## My Research Area :

Analysis is the area of mathematics which studies the rigorous ideas and proofs behind calculus. It is a rich and beautiful area of study, with surprising constructions and bizarre counterexamples. If you like working with inequalities and estimates, studying limits, or analyzing functions, then analysis is the topic for you.

Analysis is not just theory; it has many important applications to all areas of science. My particular research is in the field of partial differential equations. Many scientific rules, when expressed mathematically, relate a function to its derivatives. This is called a differential equation. Some of the most important differential equations come from physics, which was my first major in college. There are also important differential equations studied in biology, economics, and chemistry, as well as other parts of mathematics, like geometry.

I focus on the qualitative behavior of solutions to partial differential equations. This includes determining for how much time solutions exist, whether or not they have asymptotes or otherwise blow up, how big the solutions are, and other important information which may be useful to laboratory scientist and engineers. We usually can't solve the equations exactly, so our job is to provide as much information as possible from limited mathematical clues.

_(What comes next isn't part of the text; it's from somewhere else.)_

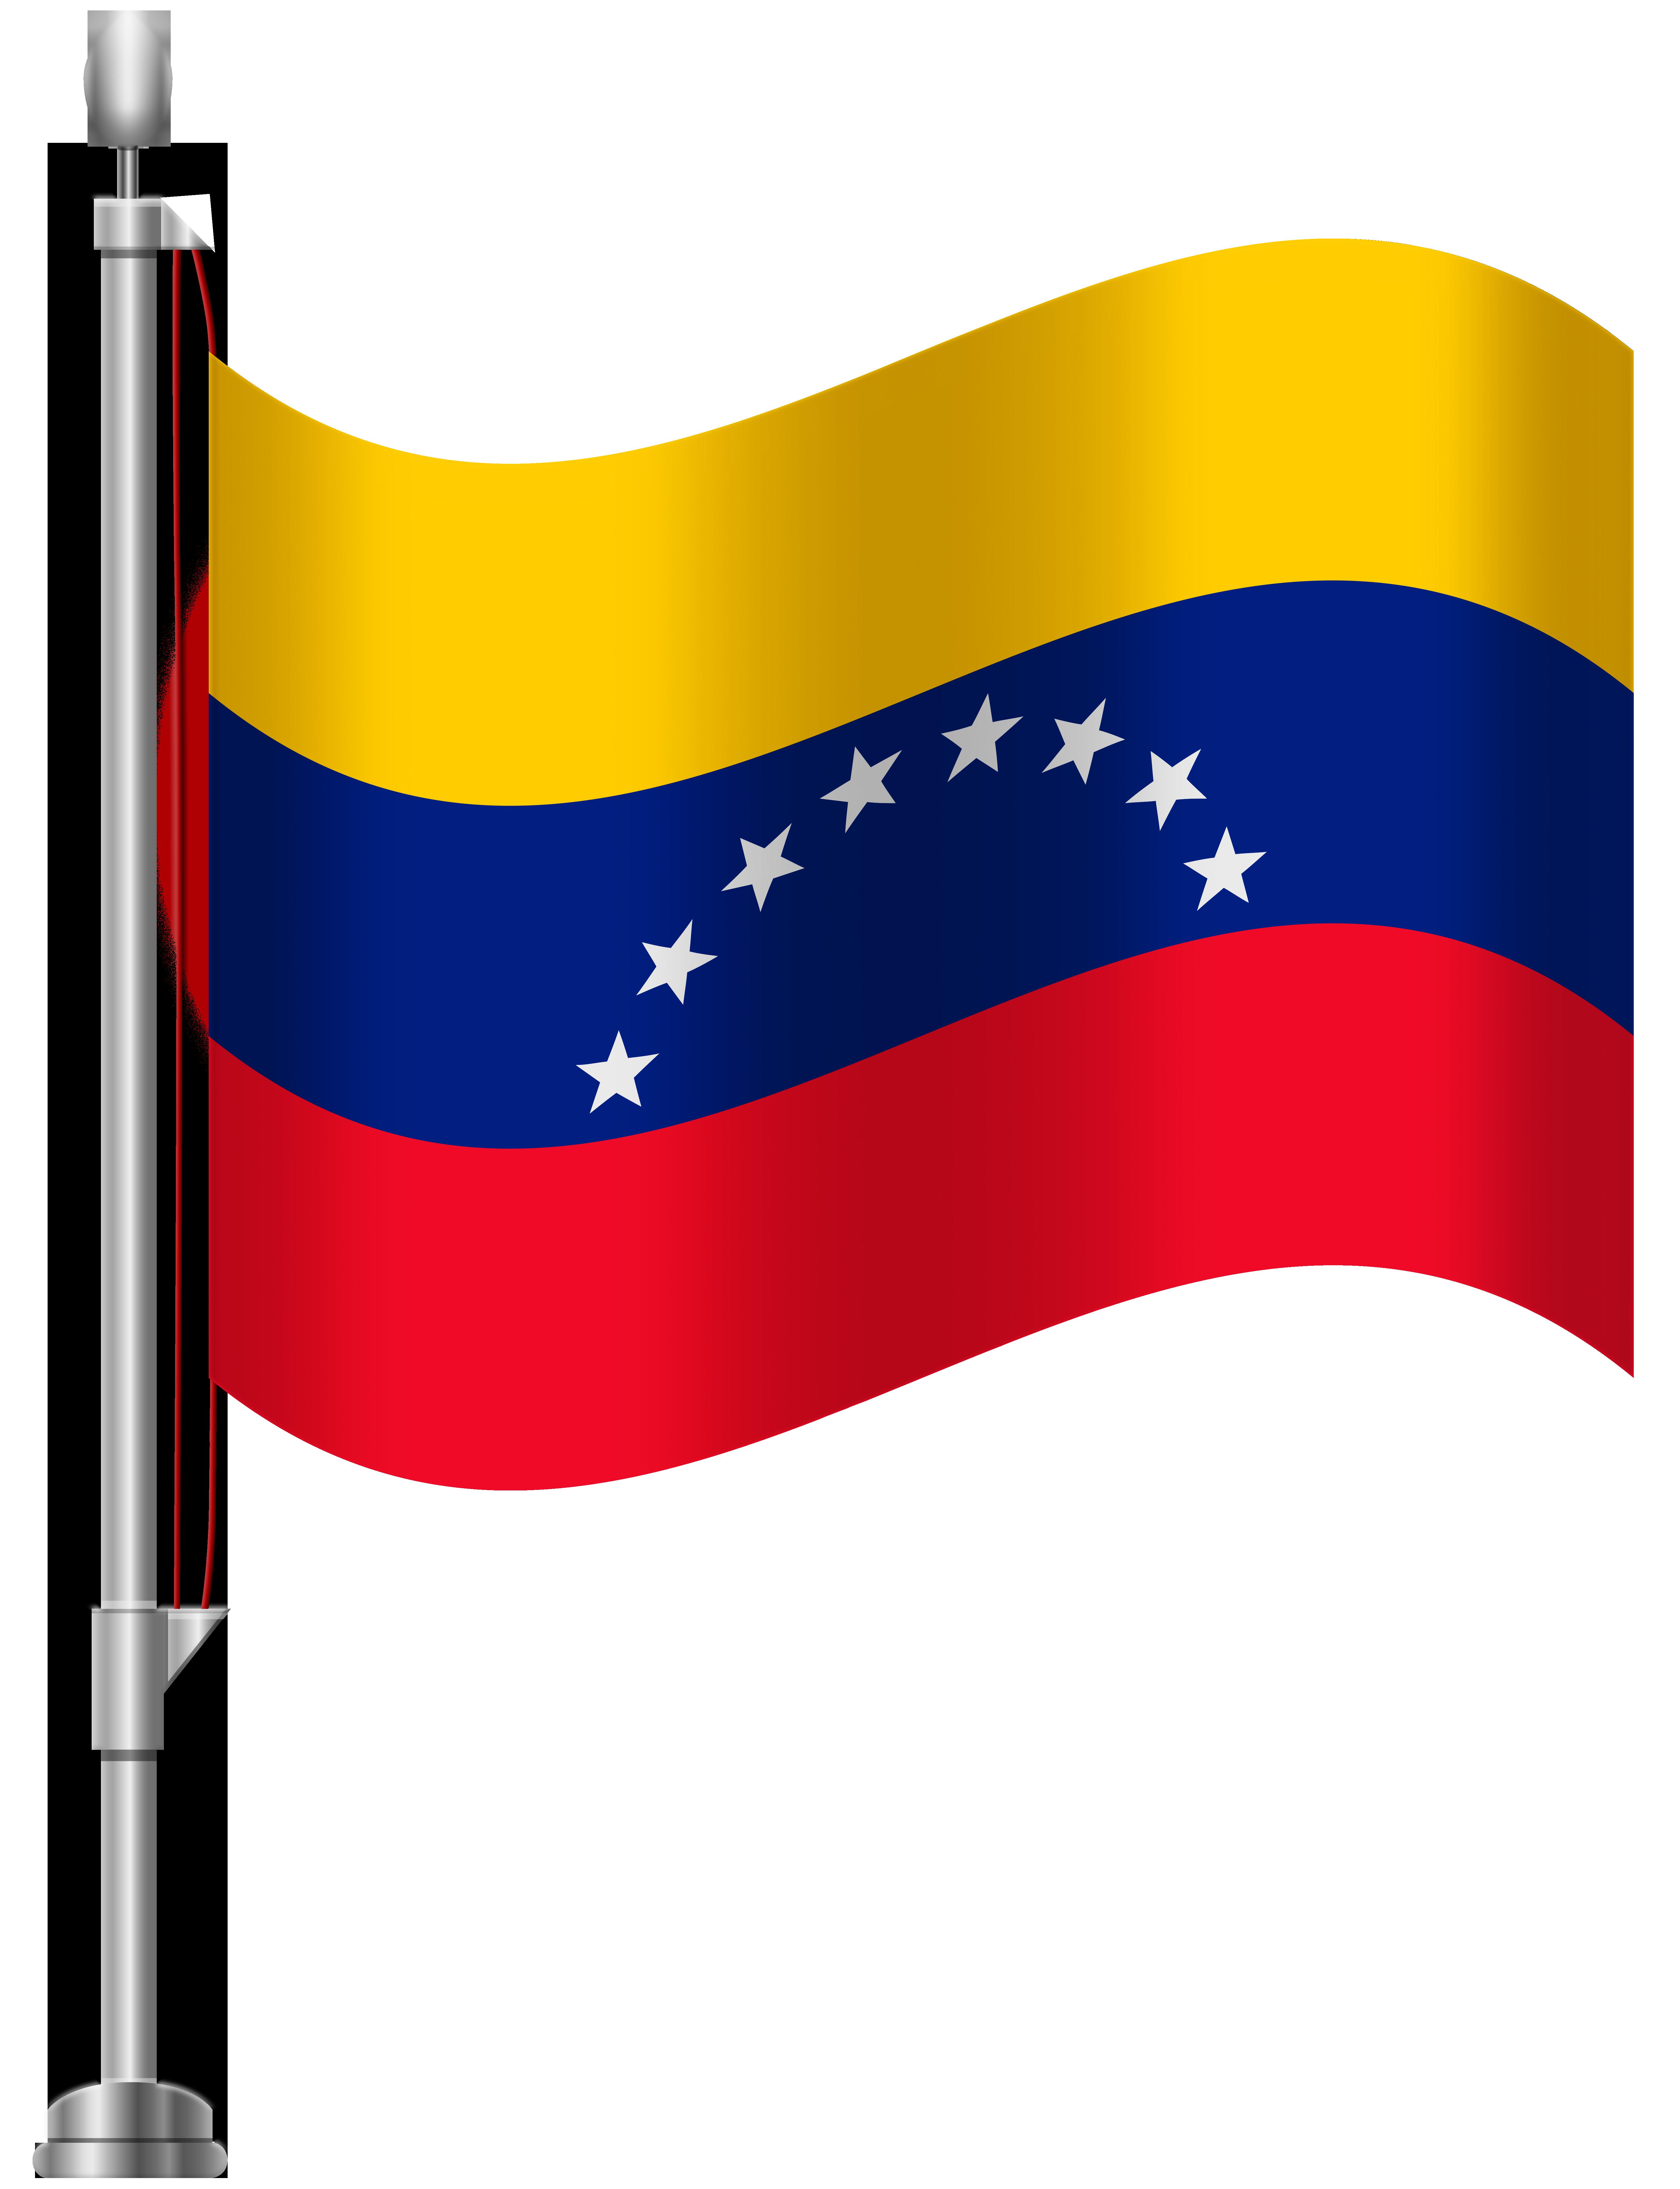 Venezuala clipart image stock Venezuela Flag PNG Clip Art - Best WEB Clipart image stock

I reseach two different types of equations. First, I study dispersive wave equations such as the Korteweg-deVries Equation and the Schrödinger Equation. These equations model the behavior of all kinds of waves in nature, including water, light, and quantum-mechanical particles. It is a challenging but exciting area that has seen a great deal of activity in recent years. Professor Terence Tao of UCLA recently won the Fields' Medal, the highest prize in mathematics, in part for his work on dispersive partial differential equations. Second, I study nonlinear elliptic equations. These equations determine the equilibrium solutions of all sorts of situations, from the temperature distribution in an air-conditioned room to electrical charge. They can even help determine your probability of winning a poker game. This is a long-established area of research that many of the most famous mathematicians have worked on--people like Laplace, Green, and Dirichlet.

## Project Options:

I have supervised several student projects, including masters theses, undergraduate theses, undergraduate summer projects, and informal work with several students. Topics have included ranking systems such as the BCS, general relativity, traffic modeling, fractals, wave equations, DNA modeling, and free boundary problems. I am always happy to work with a student on a project idea they have, even if I am not an expert in the area.

If you are interested in doing a research project in analysis or differential equations at any level, I would be happy to work with you. This could include a theoretical project in real analysis, or a project based on a specific application in differential equations or partial differential equations. If you have a particular area of interest, either theoretical or applied, please come talk to me about it and we can find a problem that suits you. I have also listed several projects below that come from my own interests.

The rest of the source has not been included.